There is even a conspiracy theory that celebrities are paid to say they have coronavirus. “Such stupidity,” said Idris Elba, who contracted the disease earlier this year.

Some of those who are challenged for spreading disinformation delete posts and plead misunderstanding. Others refuse to back down. Either way, say public health experts, messages on Covid-19 are getting confusing.

“Celebrities have a platform and when they abuse it it’s incredibly irresponsible,” said Paul Offit, co-inventor of the rotavirus vaccine and director of the Vaccine Education Center at Children’s Hospital of Philadelphia. “They influence people. Science doesn’t win, facts don’t win. Emotion wins out over scientific evidence every time. “

Samuel McConkey, an infectious disease expert at RCSI University of Medicine and Health Sciences in Dublin, said many people have turned to prominent names on Instagram, Facebook, TikTok and other platforms to get information on Covid-19.

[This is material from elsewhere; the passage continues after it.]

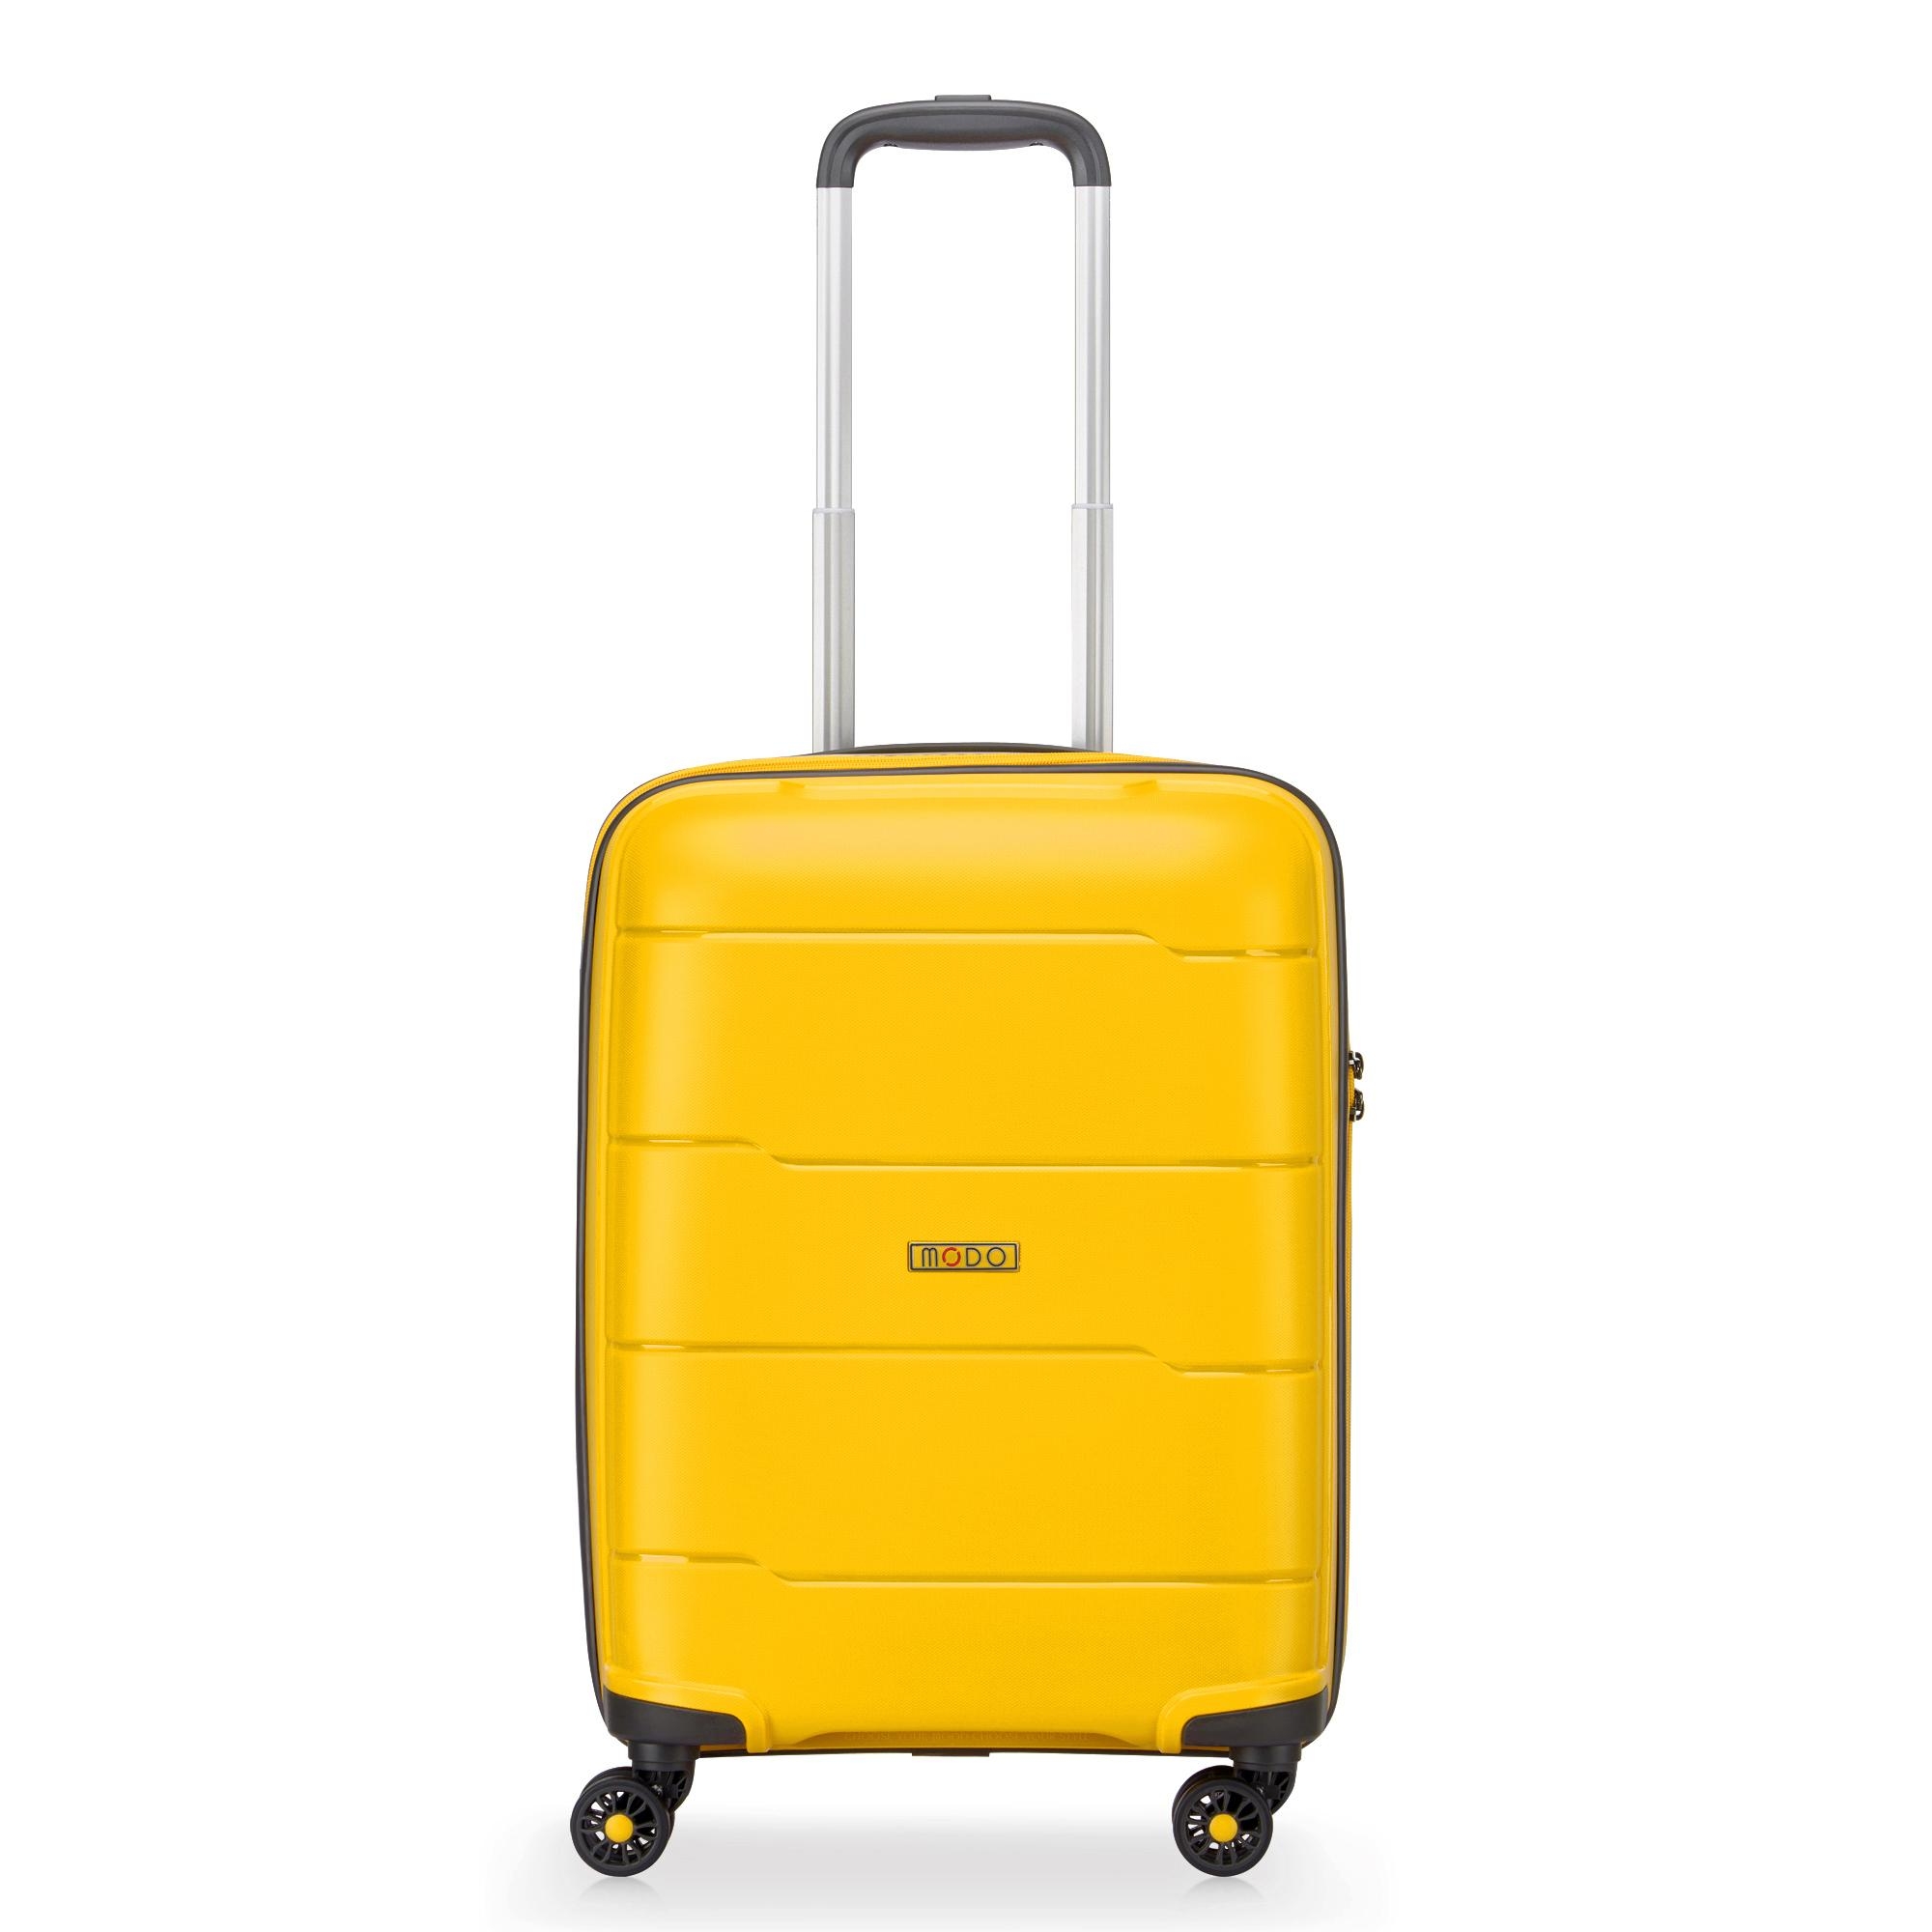 Vali Modo by Roncato Galaxy size S (20 inch) - Yellow trọng lượng nhẹ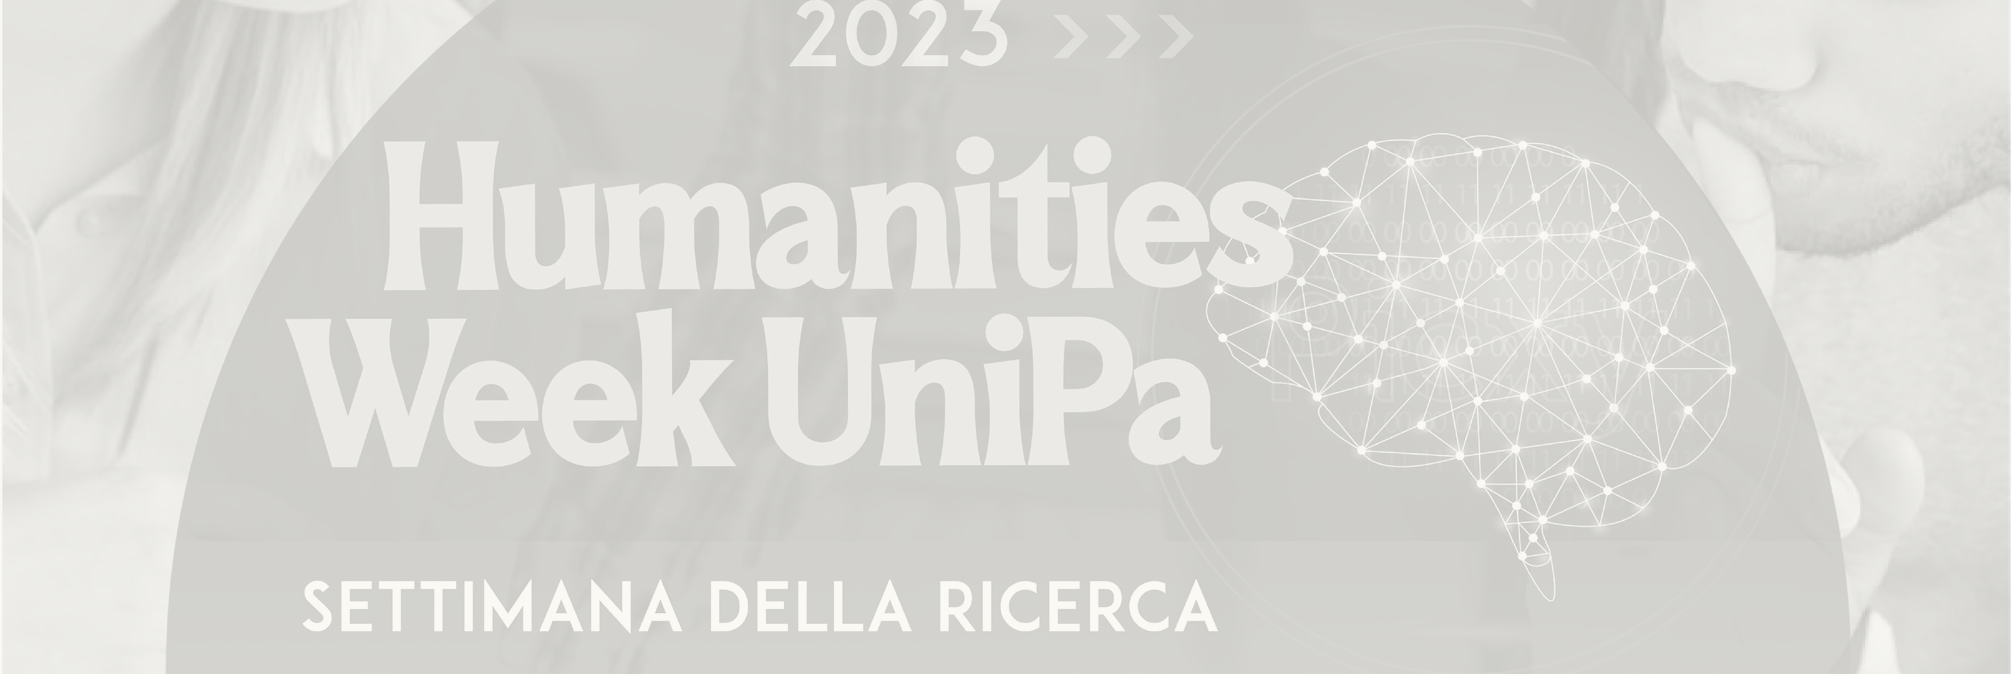 Settimana della Ricerca: Humanities Week UniPa

“It makes no sense to consider our singers and actors as sources of information about this disease. It’s like I have to sing and play – it wouldn’t be entertaining. We have to work in our own areas and jurisdictions. Anyone who turns to Madonna for scientific information is confused. Maybe we need epistemology lessons in elementary school.

Offit and McConkey credited some celebrities, such as actors Salma Hayek and Amanda Peet and boxer Katie Taylor, with using their platforms to echo established medical advice on vaccinations and other effective public health measures. .

A study by researchers at the Reuters Institute at the University of Oxford found that most interactions with coronavirus-related lies came from social media posts by politicians, celebrities and influencers.

“Rather than being completely fabricated, much of the disinformation in our sample involves various forms of reconfiguration where existing and often true information is spun, distorted, recontextualized or reworked,” the report states.

Baybars Örsek, director of the International Fact-Checking Network, a unit of the Poynter Institute, said celebrities should be aware of their “amplifying abilities” around lies.

“Covid-19 has caused hundreds of thousands of deaths around the world and the spread of false information about cures, vaccination and the causes of the disease is damaging public confidence,” she said.

Orsek also urged internet companies to be vigilant. “Millions of users are exposed to such lies every day.”